Мириам зашевелилась.
– Где ты видишь дыру? – спросила она.
2. Нуар 2
В продолжение самых первых минут да и первых месяцев похода в кромешной тьме мы не придавали большого значения вопросу о длительности нашего там пребывания. Знать, как протекает время, казалось последней из наших забот. Прежде всего нам нужно было познакомиться и привыкнуть друг к другу.
Мириам, например, долгое время
Мучительные первые шаги. Как бы там ни было, мы мало-помалу приспособились быть вместе. Стоило нам преодолеть взаимную подозрительность, преодолеть и забыть, как мы сложились в добротную группу, ощупью пробирающуюся к небытию, сплошь и рядом задерживая дыхание, с поднятыми или опущенными вeками в сердце черной как смоль тьмы. Мы считались друг с другом, и между нами царила не знающая полутонов солидарность, суровая нежность товарищей или мертвецов.
Не буду останавливаться на трудностях адаптации к нашей новой среде. У нее были свои подъемы и спады, даже если принято считать, что миры, где ты приземляешься по окончании жизни, отличаются тем, что в них обнуляются противоположности, и, следовательно, ни подъемов, ни спадов там быть не может. Чистая спекуляция более или менее озаренных буддистов, вся эта история про противоположности, которые накладываются друг на друга или не имеют больше места. Наша реальность не настолько прямолинейна.
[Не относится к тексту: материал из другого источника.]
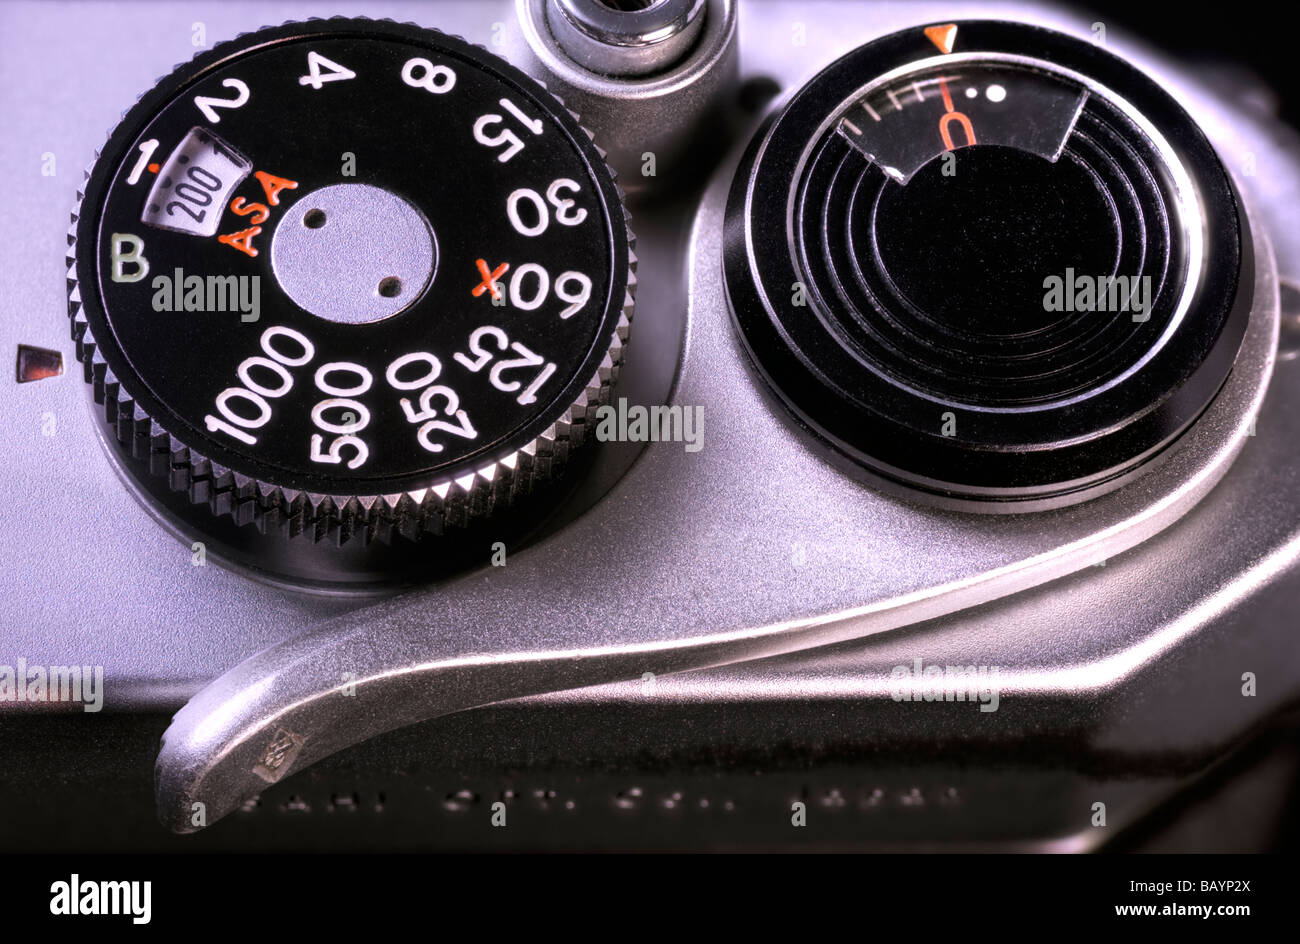 Asahi Pentax Spotmatic II Auslöser, Zifferblatt/Iso Geschwindigkeitsregler, Bildzählwerk und Film Voraus Hebel Stockfoto

Верх существует в ней точно так же, как и низ, или, по крайней мере, по ходу дела возникают все основания так предполагать. Нет никакого небесного свода, ни зги не видно, все черным-черно, но ты в самом деле находишься на дне чего-то, когда шагаешь, находишься на дороге, которая тянется по горизонтали, по низам, на низовой дороге. Ощущаешь ее под ногами, а не над головой. Это очевидно. В то же время если ты, например, хочешь знать, по чему, по чему в точности ты шагаешь, догадаться об этом можно только примерно. Что за материю ты топчешь и пересекаешь. Порой кажется, что вы проходите сквозь плотную сажу, порой – что шагаете по мелкому шлаку или по песку, по гулкому настилу, по бетонным плитам, по вспаханной земле или по покрытой мхом жесткой почве, или по пеплу, или по свалке запыленной ткани, повязок и лоскутьев, которые наматываются вокруг лодыжек и тащатся потом за вами на протяжении часов или дней.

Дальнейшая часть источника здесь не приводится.